The Court also noted that the pass-on defense conflicted with the basic principles of antitrust law. Because those buyers subjected to the passing-on defense would have passed on the damage to their customers, who would have a tiny stake in the lawsuit and little interest in class participation, "those who violate the antitrust laws by price fixing or monopolizing would retain the fruits of their illegality because no one was available who would bring suit against them. Treble-damage actions, the importance of which the Court has many times emphasized, would be substantially reduced in effectiveness." Id. at 494. Accordingly, the Court concluded the pass-on defense was inapplicable.

A number of years later, the Court was moved to consider the application of Hanover Shoe to indirect purchasers. In Illinois Brick Co. v. Illinois, 431 U.S. 720 (1977), the State of Illinois and seven hundred local government entities brought an antitrust action against companies that manufactured and distributed concrete block. The companies sold primarily to masonry contractors who submitted bids to general contractors who, in turn, submitted bids on public contracts to the plaintiffs. The plaintiffs alleged the defendants combined and conspired to fix the prices of concrete block, which caused the plaintiffs to spend some $3 million more than they otherwise would. The plaintiffs, however, had to rely on the theory that the overcharge passed on to them through the direct purchasers, the masonry and general contractors. The defendants argued that only the direct purchasers could sue for the alleged overcharge and indirect purchasers such as the plaintiffs could not.

The Supreme Court agreed with the defendants and held that indirect purchasers may not rely on an offensive pass-on theory. The Court, relying on Hanover Shoe, concluded "allowing offensive but not defensive use of pass-on would create a serious risk of multiple liability for defendants." Id. at 730. The direct purchaser could sue for full recovery and then the indirect purchasers could sue for the same amount. The Court stated it was unwilling to "open the door" to duplicative recoveries. Id. at 731. Moreover, the reasoning underlying Hanover Shoe applies less forcefully in the indirect purchaser context:

The principal basis for the decision in Hanover Shoe was the Court's perception of the uncertainties and difficulties in analyzing price and out-put decisions "in the real economic world rather than an economist's hypothetical model," 392 U.S., at 493, 88 S.Ct., at 2231 and of the costs to the judicial system and the efficient enforcement
of the antitrust laws of attempting to reconstruct those decisions in the courtroom.
Id. at 731-32. This reasoning "applies with no less force to the assertion of pass-on theories by plaintiffs" than in the defensive context, and the problems associated with the defensive theory would be as burdensome in the plaintiff context, maybe worse.

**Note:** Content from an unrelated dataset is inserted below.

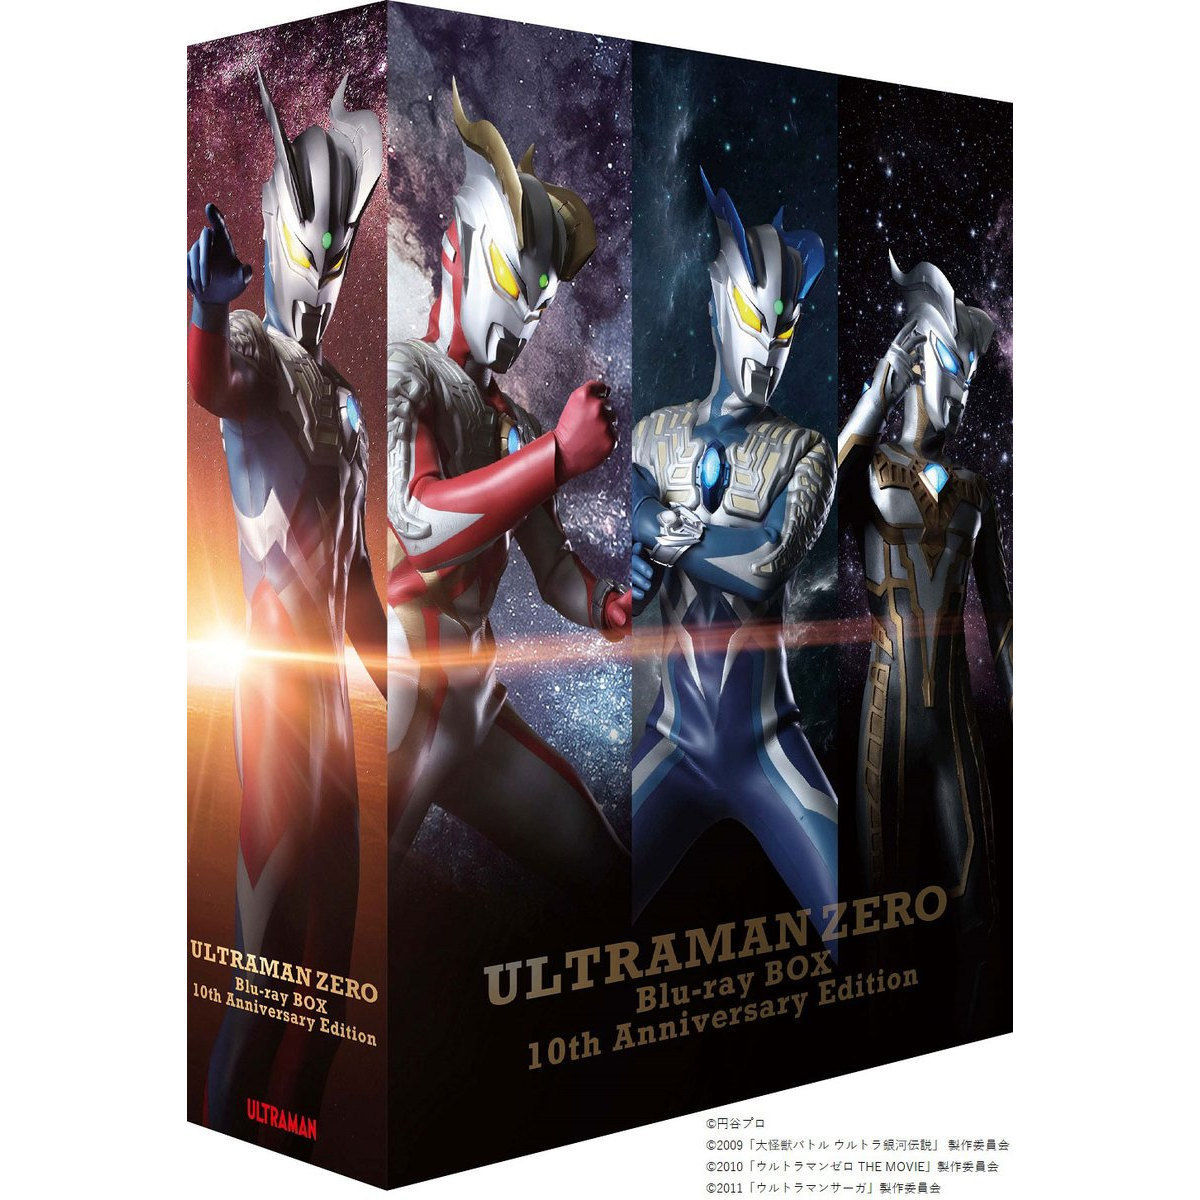 ウルトラマンゼロ Blu-ray BOX 10th Anniversary Edition [期間限定生産]
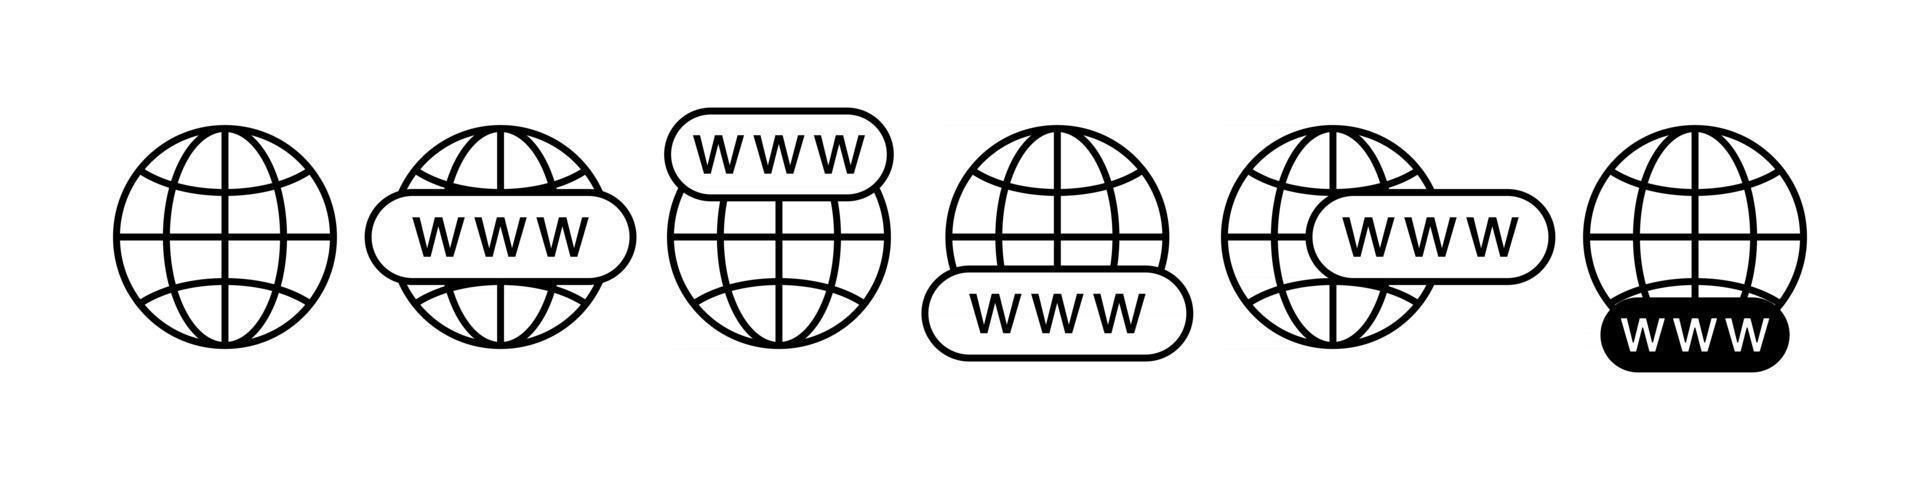 conjunto de iconos de búsqueda de internet www vector

Id. at 732. And preventing indirect purchasers from bringing a pass-on claim does not allow violators to enjoy "the fruits of their illegality" because "Hanover Shoe . . . rest[ed] on the judgment that the antitrust laws will be more effectively enforced by concentrating the full recovery for the overcharge in the direct purchasers rather than by allowing every plaintiff potentially affected by the overcharge to sue only for the amount it could show was absorbed by it." Id. at 734-35.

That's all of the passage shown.